> _Work instructions_
Every record, apart from its pictures, should be repeated exactly.
▬▬▬▬▬▬▬▬▬▬
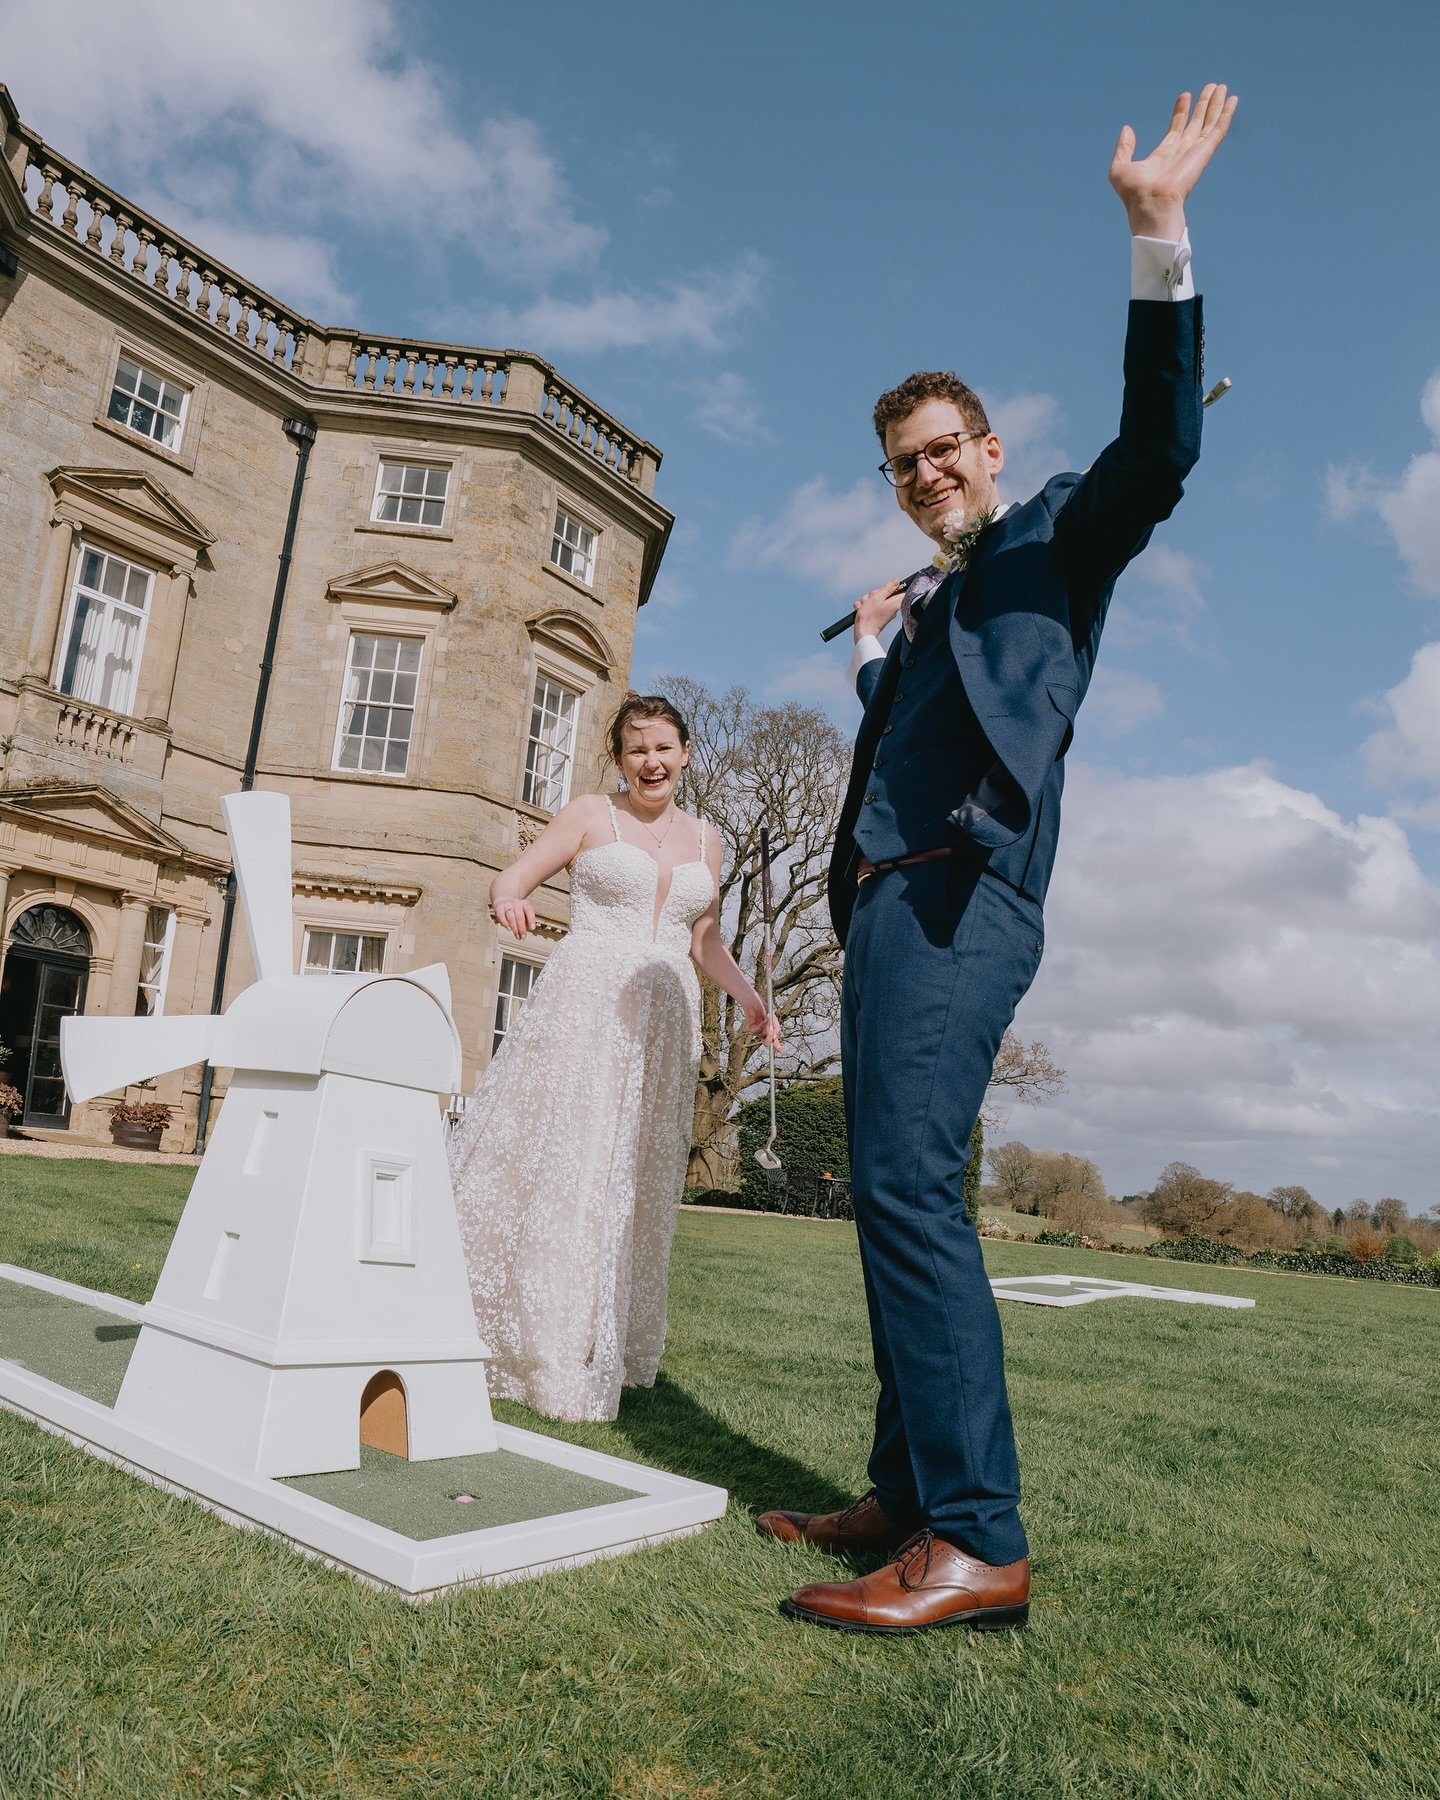 Hannah &amp; Corty, your wedding gallery is finished! 🎉🤍✨

Tomorrow, Cal and I are photographing &amp; filming Jane &amp; Alex&rsquo;s wedding day, we can&rsquo;t wait! 🎥📸

@bourtonhall 

#wedding #weddingphotography #weddingphotographer #wedding
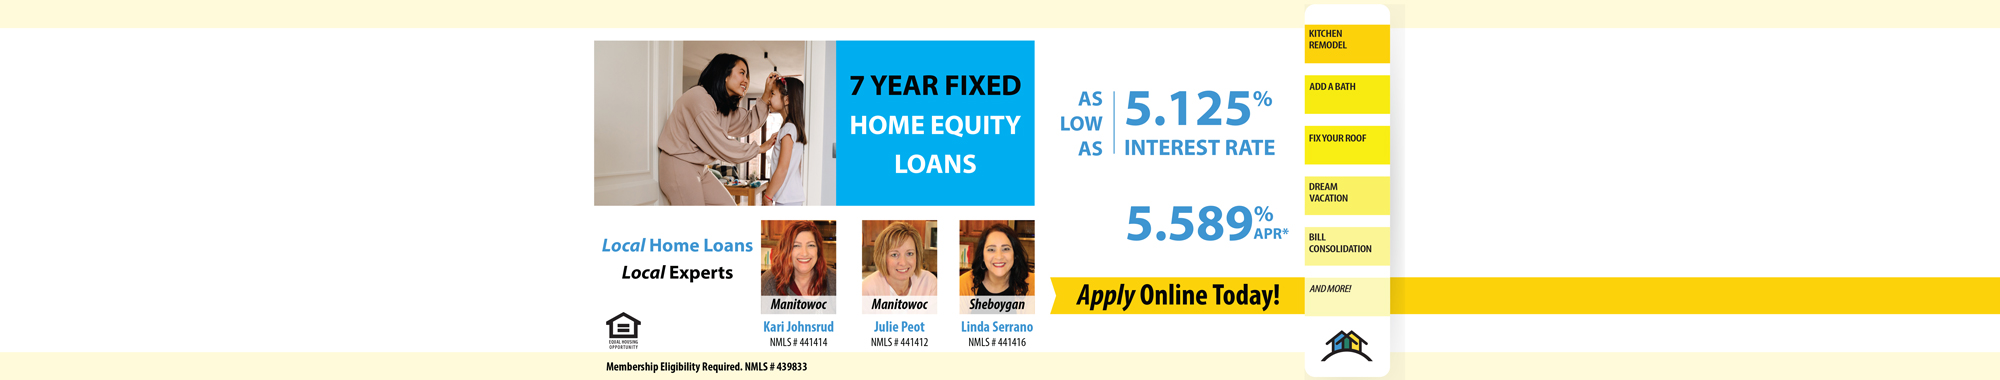 7 YEAR FIXED Home Equity Loan - Apply Oline Today!
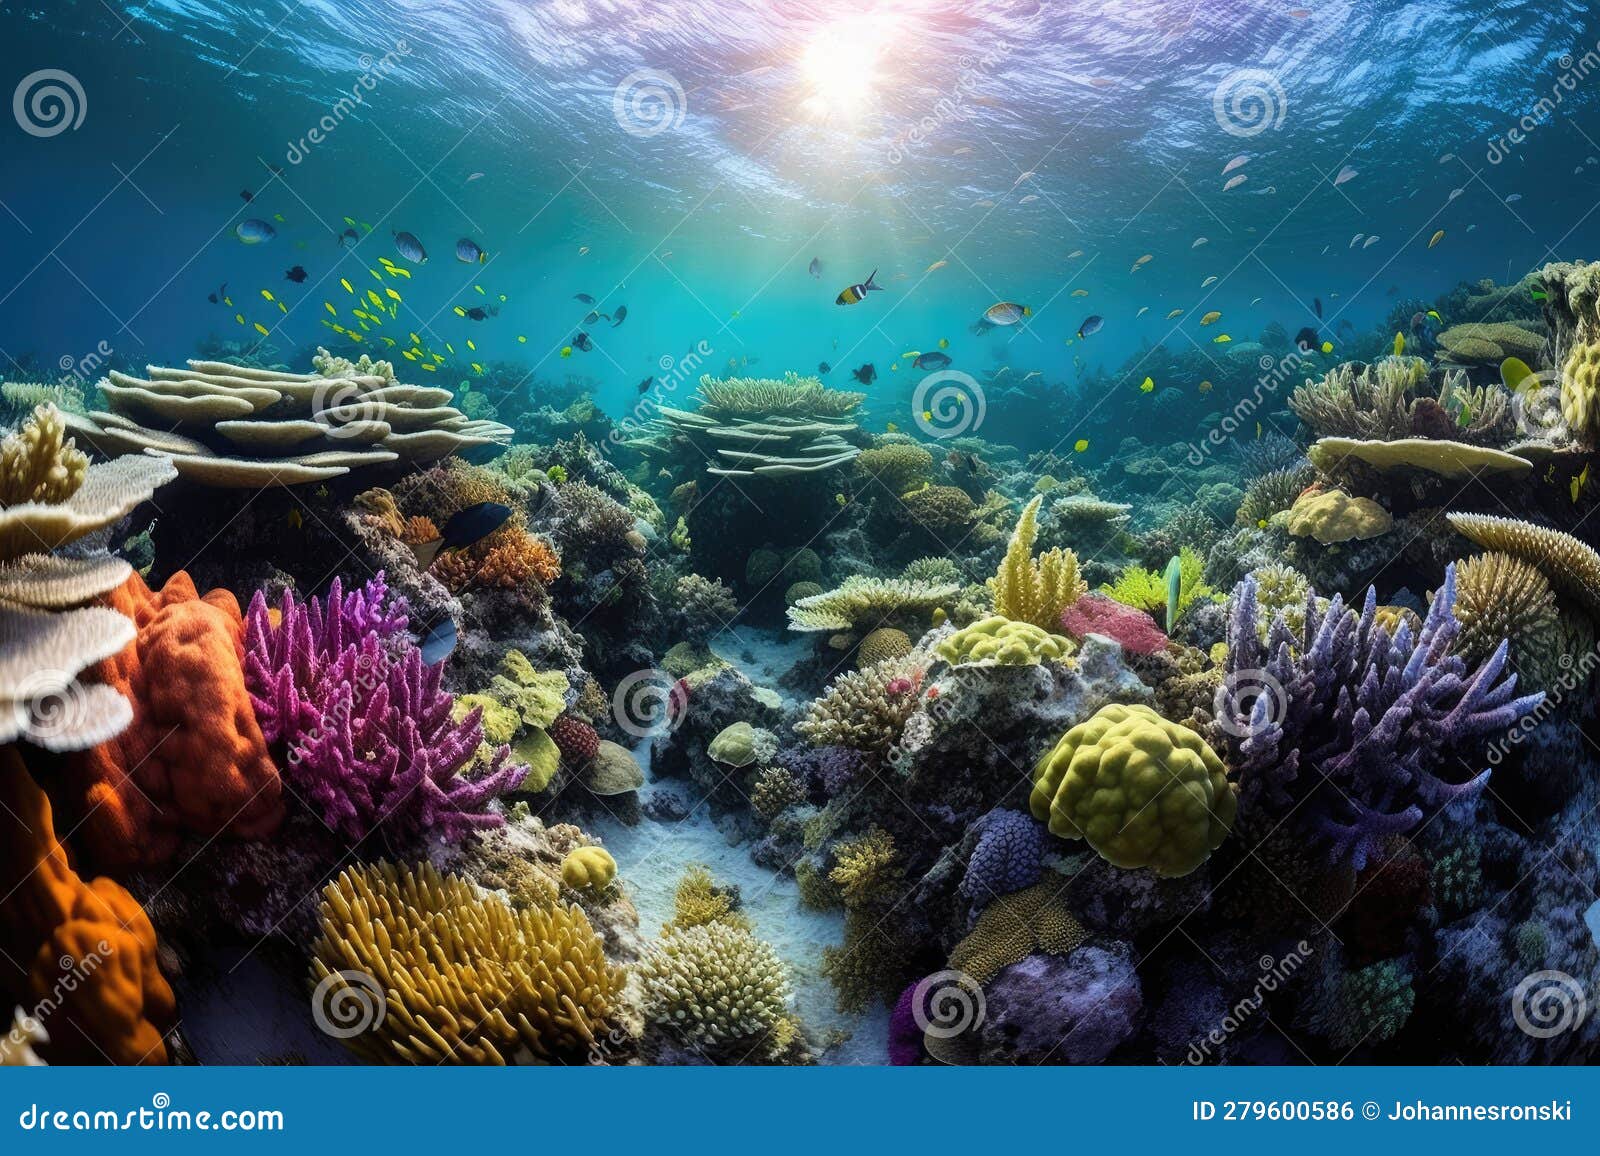 Vibrant Coral Reef Teeming with Colorful Fish and Plants in Dreamy ...
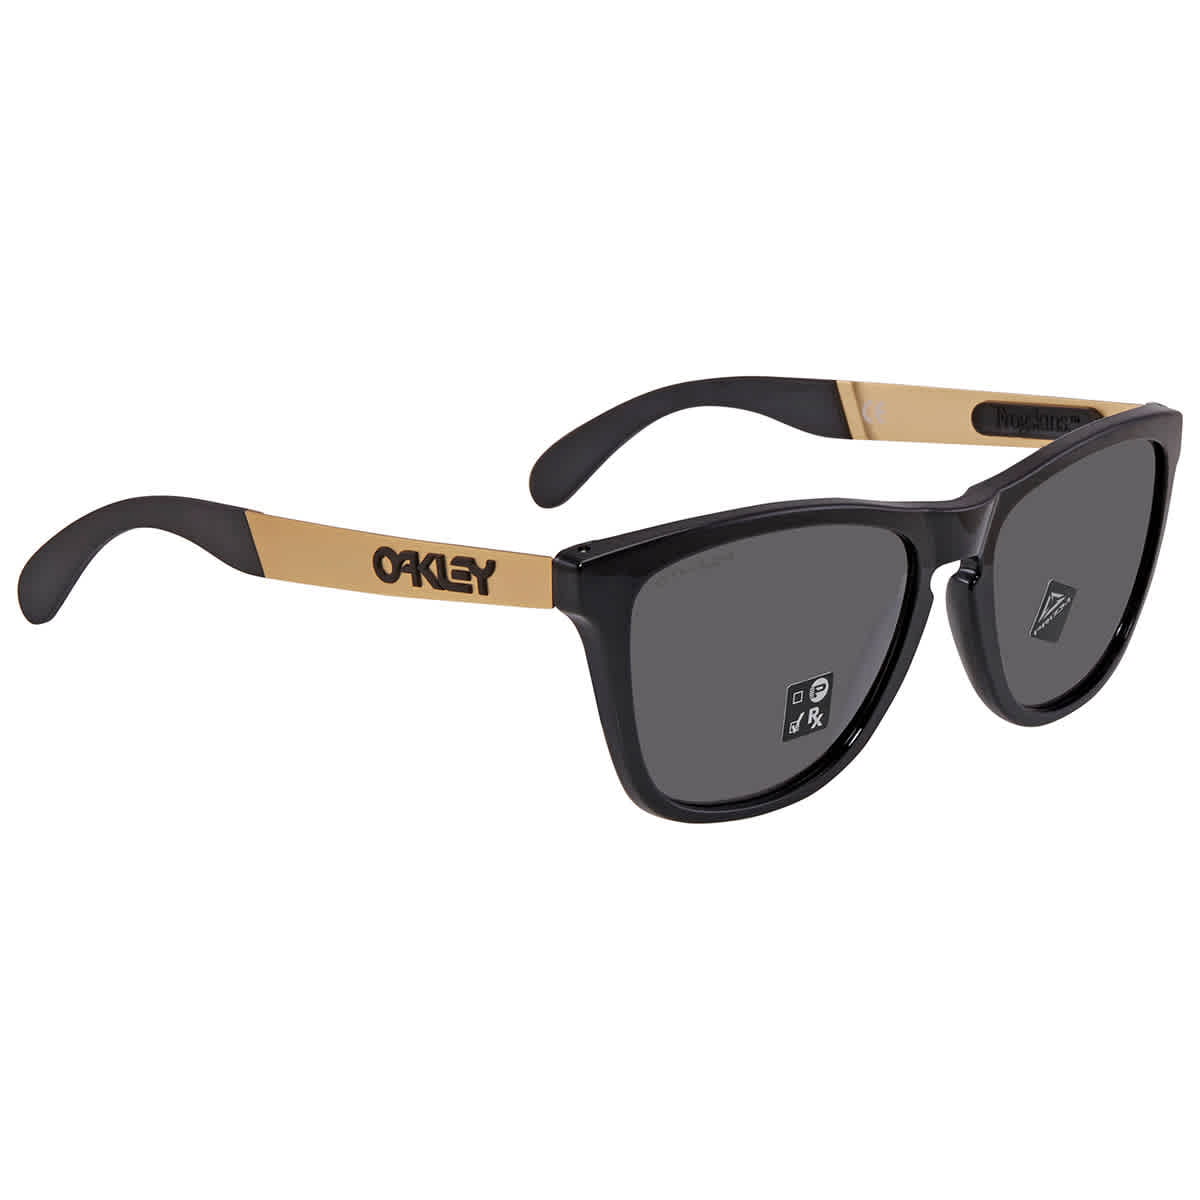 Oakley Frogskins Mix Prizm Black Square Sunglasses OO9428 942802 55 -  
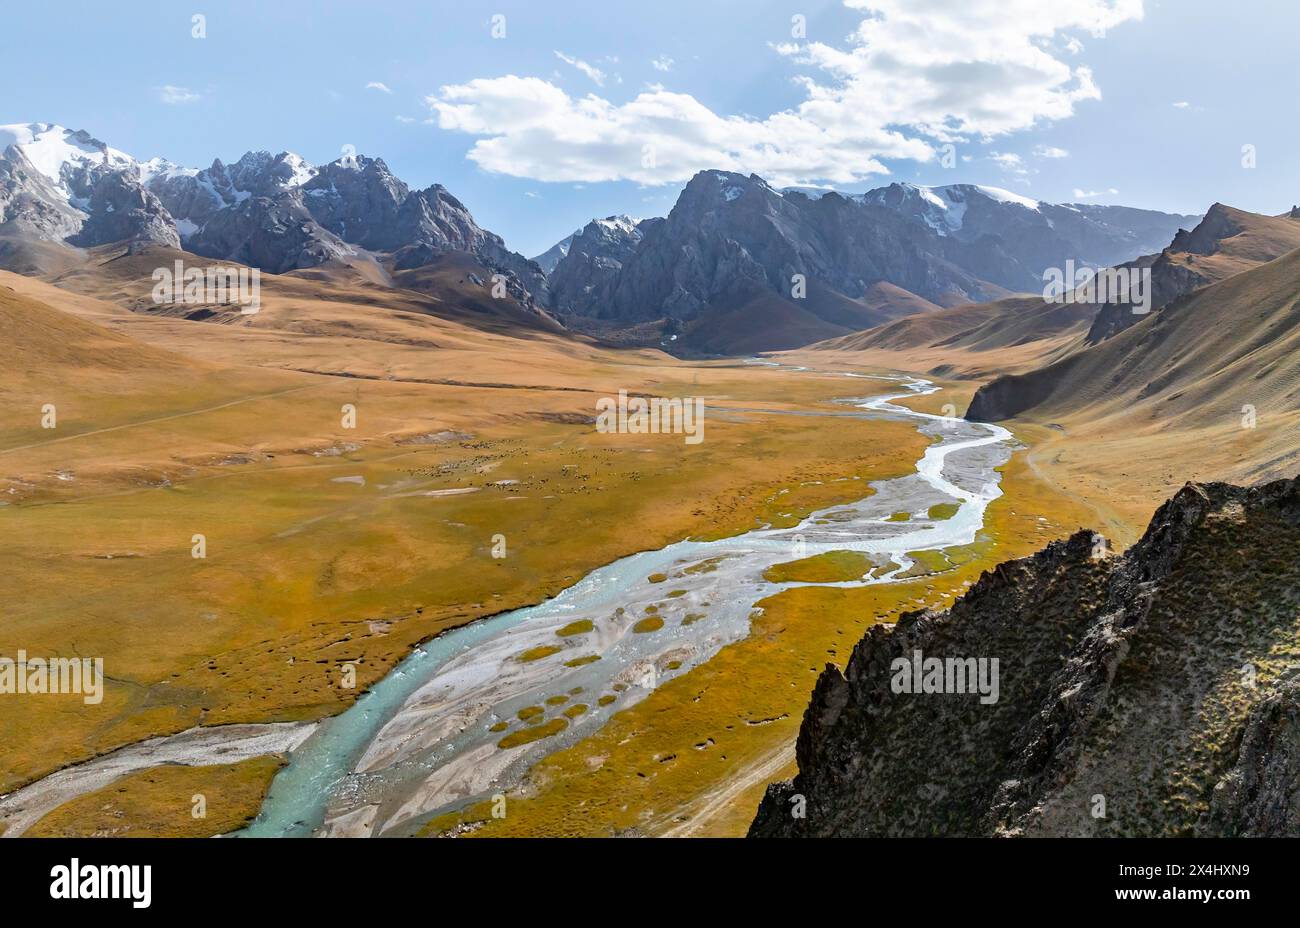 Aerial view, River Kol Suu winds through a mountain valley with hills covered with yellow grass, Pointed high mountain peaks with glaciers, Keltan Stock Photo
▬▬▬▬▬▬▬▬▬▬
> _Worked solution_
 Hannah &amp; Corty, your wedding gallery is finished! 🎉🤍✨

Tomorrow, Cal and I are photographing &amp; filming Jane &amp; Alex&rsquo;s wedding day, we can&rsquo;t wait! 🎥📸

@bourtonhall 

#wedding #weddingphotography #weddingphotographer #wedding
 7 YEAR FIXED Home Equity Loan - Apply Oline Today!
 Vibrant Coral Reef Teeming with Colorful Fish and Plants in Dreamy ...
 Oakley Frogskins Mix Prizm Black Square Sunglasses OO9428 942802 55 -  
 Aerial view, River Kol Suu winds through a mountain valley with hills covered with yellow grass, Pointed high mountain peaks with glaciers, Keltan Stock Photo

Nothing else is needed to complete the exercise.